AÏCHA
Je n’arrive pas à dormir. Je n’arrête pas de penser à toi, Aïcha. Tu es si belle, si douce…
Voilà environ deux semaines, tu es arrivée dans notre collège. Tu t’es retrouvée dans la même classe que moi, en 4ème A. Bien sûr, mes copains ont tout de suite commencé à se moquer de toi, à cause de ta peau un peu mate, et de tes origines arabes. Moi, pour une fois, je ne disais rien. Comment pouvais-je me moquer d’une fille comme toi, Aïcha. Tes cheveux noirs, ce jour là détachés, faisaient ressortir la couleur mate de ton visage, où de petits yeux verts brillaient avec malice. Mes copains arrêtèrent de rire, et me regardèrent bizarrement. Ils ne pouvaient pas comprendre pourquoi je ne riais pas, ils n’ont jamais été amoureux, contrairement à moi.
Aïcha, comme j’aimerais que tu sois là, près de moi, pour te dire à quel point je t’aime…
A la récréation, tu t’es retrouvée toute seule. J’aurais aimé aller vers toi, pour apprendre à te connaître, pour te découvrir.
Mais je n’ai pas pu, car si je l’avais fait, mes copains m’auraient posé de nombreuses questions et il aurait fallu que je leur explique pourquoi je voulais aller te voir. Et ce n’était pas possible. L’amour ne peut pas s’expliquer. Il se ressent, se partage, se vit. Mais il ne s’explique pas.
Le soir, après les cours, au lieu de rentrer directement chez moi, je t’ai suivie pour savoir où tu habites. Quand tu as franchi le seuil, mon cœur a explosé de joie : ta maison est située à trois numéros de la mienne. J’allais pouvoir rentrer tous les soirs avec toi, et personne ne trouverait ça bizarre.

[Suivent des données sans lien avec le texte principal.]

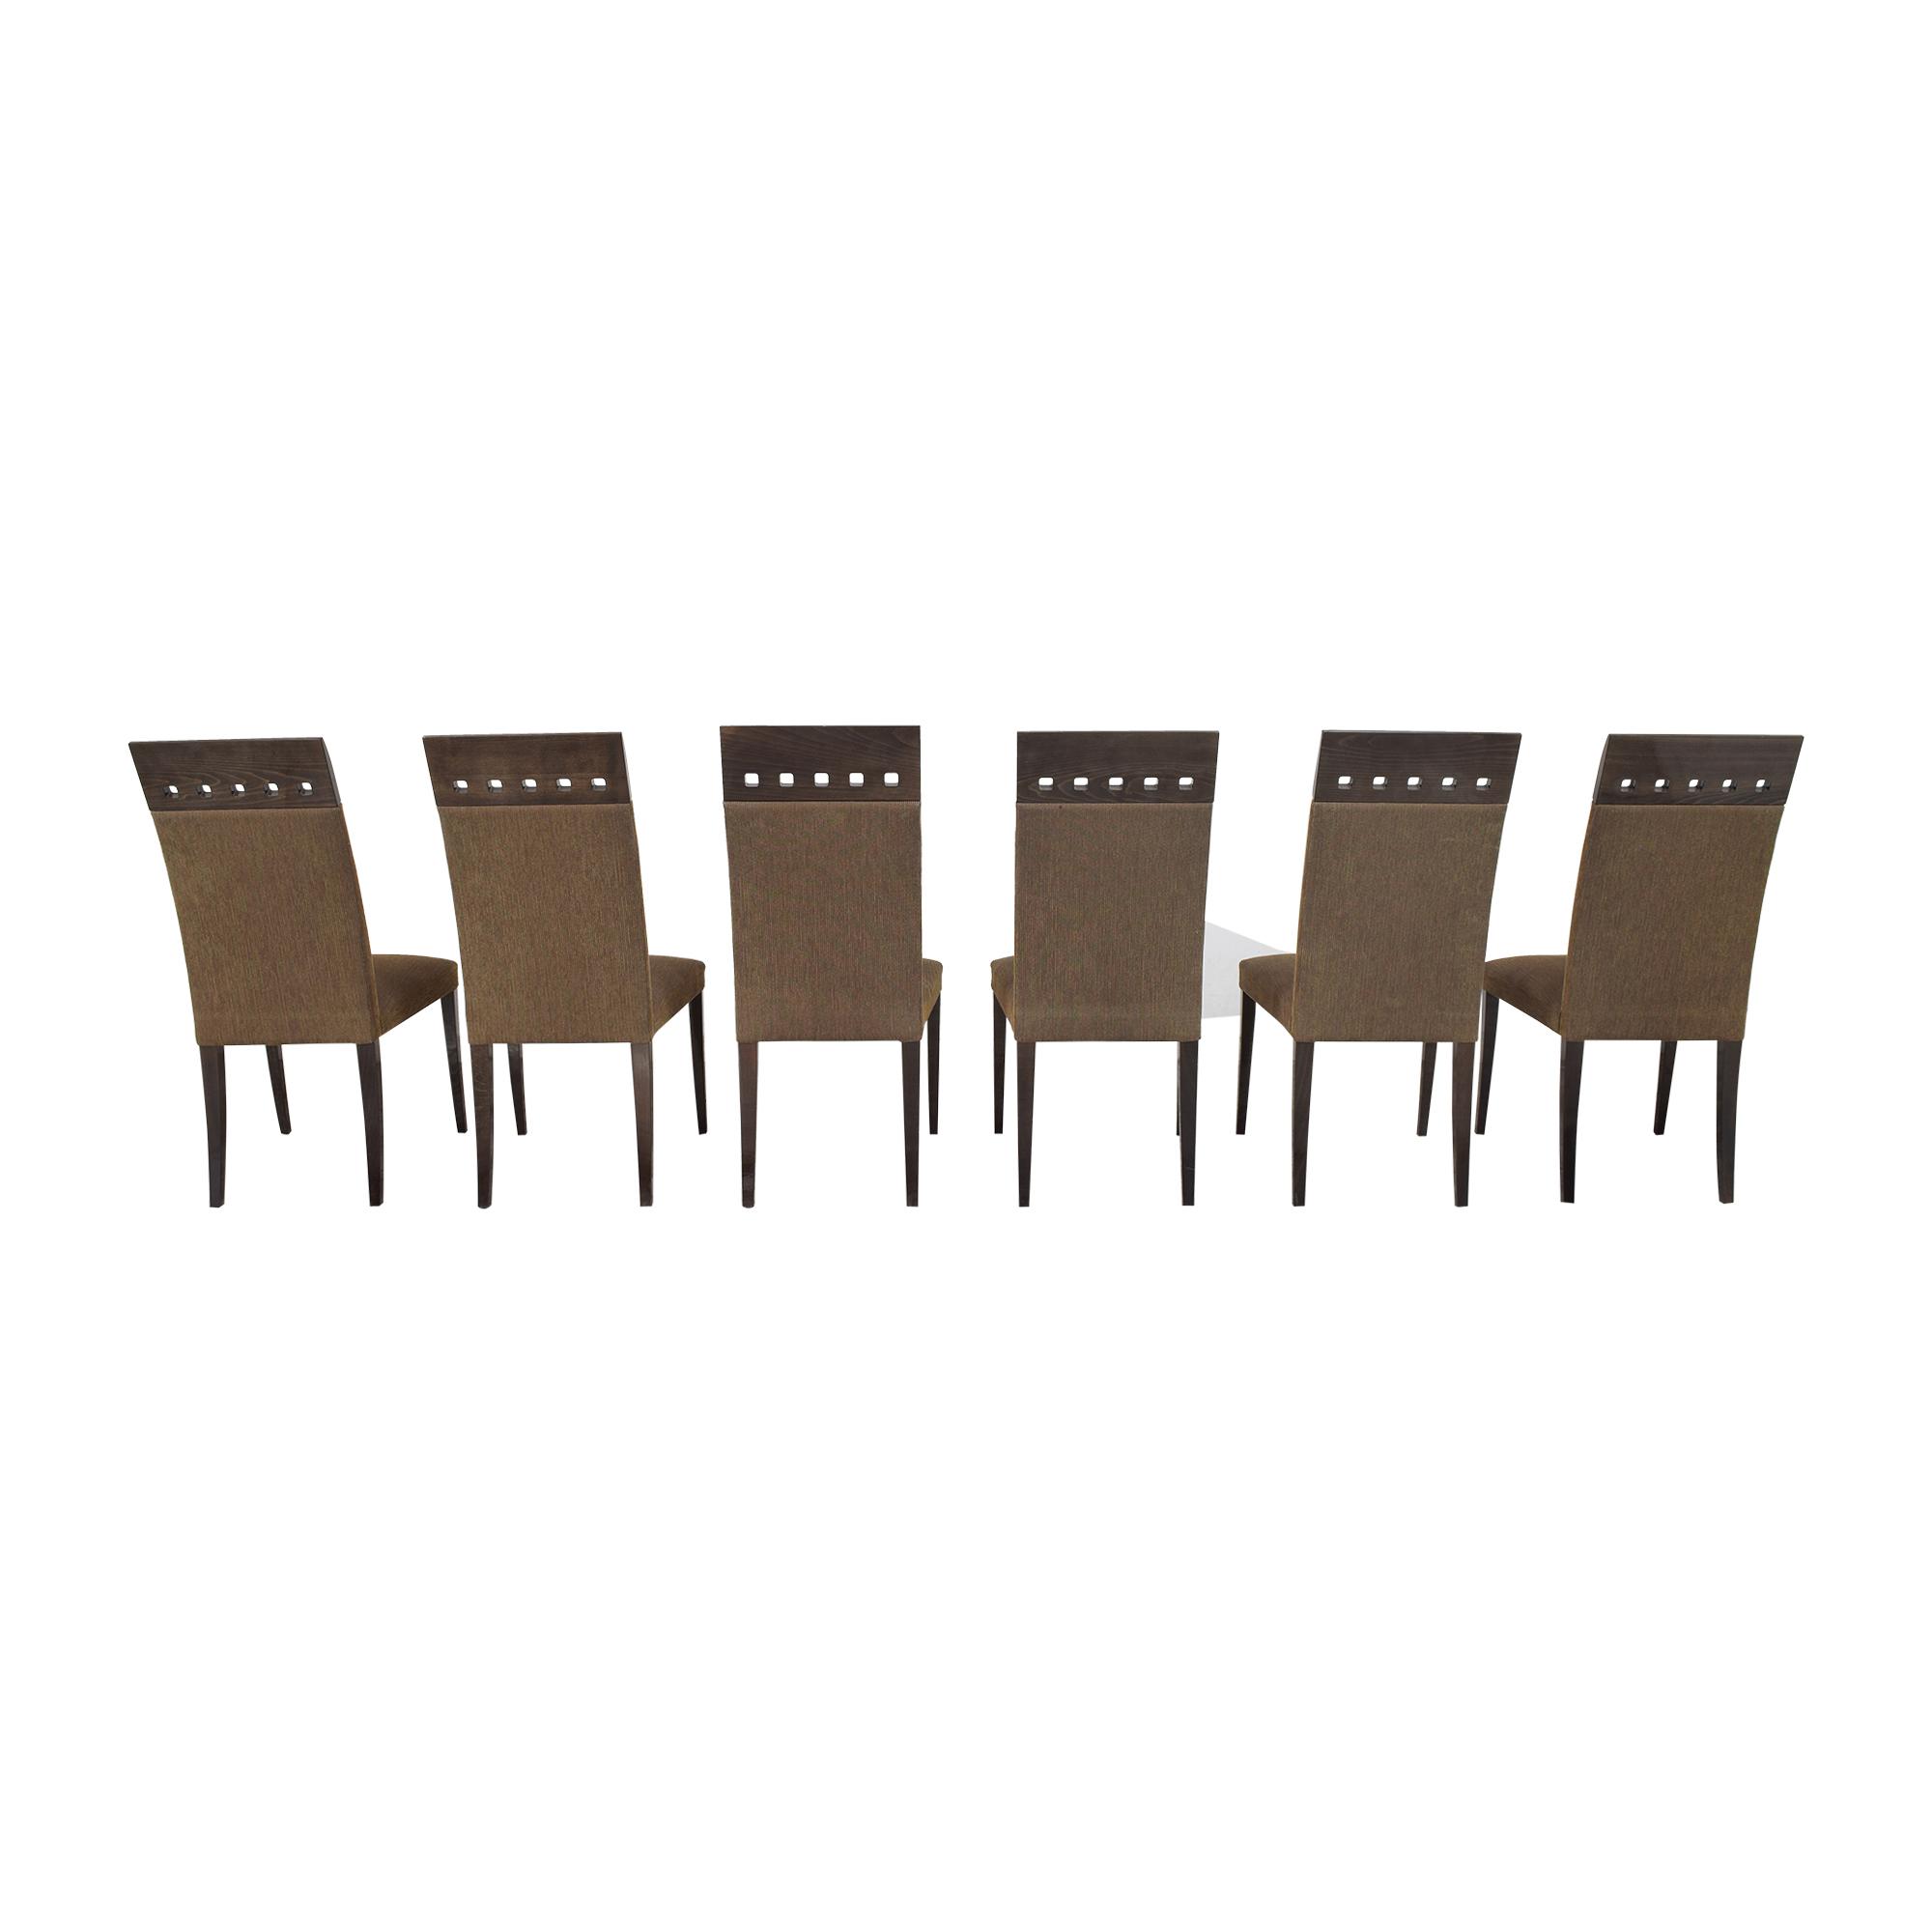 Pietro Costantini Pietro Costantini Waldorf Dining Side Chairs brown

En arrivant à la maison, je m’enfermai dans ma chambre pour être au calme. Là, je t’écrivis des poèmes, parlant de toi, de ton pays, parlant d’amour. En voici un :
Petite fleur du désert,
Tu es entrée dans mon cœur
Où tu répands toute ta douceur.
Tu as dû traverser bien des calvaires,
Mais maintenant je suis là,
Tu peux compter sur moi.
Il y en a bien d’autres comme celui-là. Peut-être qu’un jour je te les aurais montrés, si j’avais osé t’avouer mon amour. Mais à cet instant, j’ai préféré le taire.
Deux semaines se sont écoulées depuis ton arrivée. Tous les soirs, nous faisons le chemin du retour ensemble. J’aime t’entendre parler de toi, de la vie que tu menais dans ton ancien pays, l’Algérie.
Je suis là, dans mon lit, en train de penser à toi. Tu es toujours présente dans mes pensées et dans mon cœur. Je m’endors enfin, en gardant l’image de ton visage dans mon esprit.
Je sors de chez moi pour me rendre au collège. Et là, Aïcha, je te vois. Mais ce que je découvre en ce jour me brise le cœur. Tu es devant chez toi, comme tous les autres matins… mais tu n’es pas seule. Tu es avec Bastien, mon propre cousin. Tu plaisantes et tu lui souris. Tu as l’air si heureuse ! Je sens des larmes couler le long de mes joues. A ce moment, je donnerais n’importe quoi pour être à sa place. Je pourrais crier au monde entier que je t’aime, juste pour avoir un sourire, un baiser de toi. Mais voilà, même si je te le dis, tu ne pourrais m’aimer. Car je suis une fille.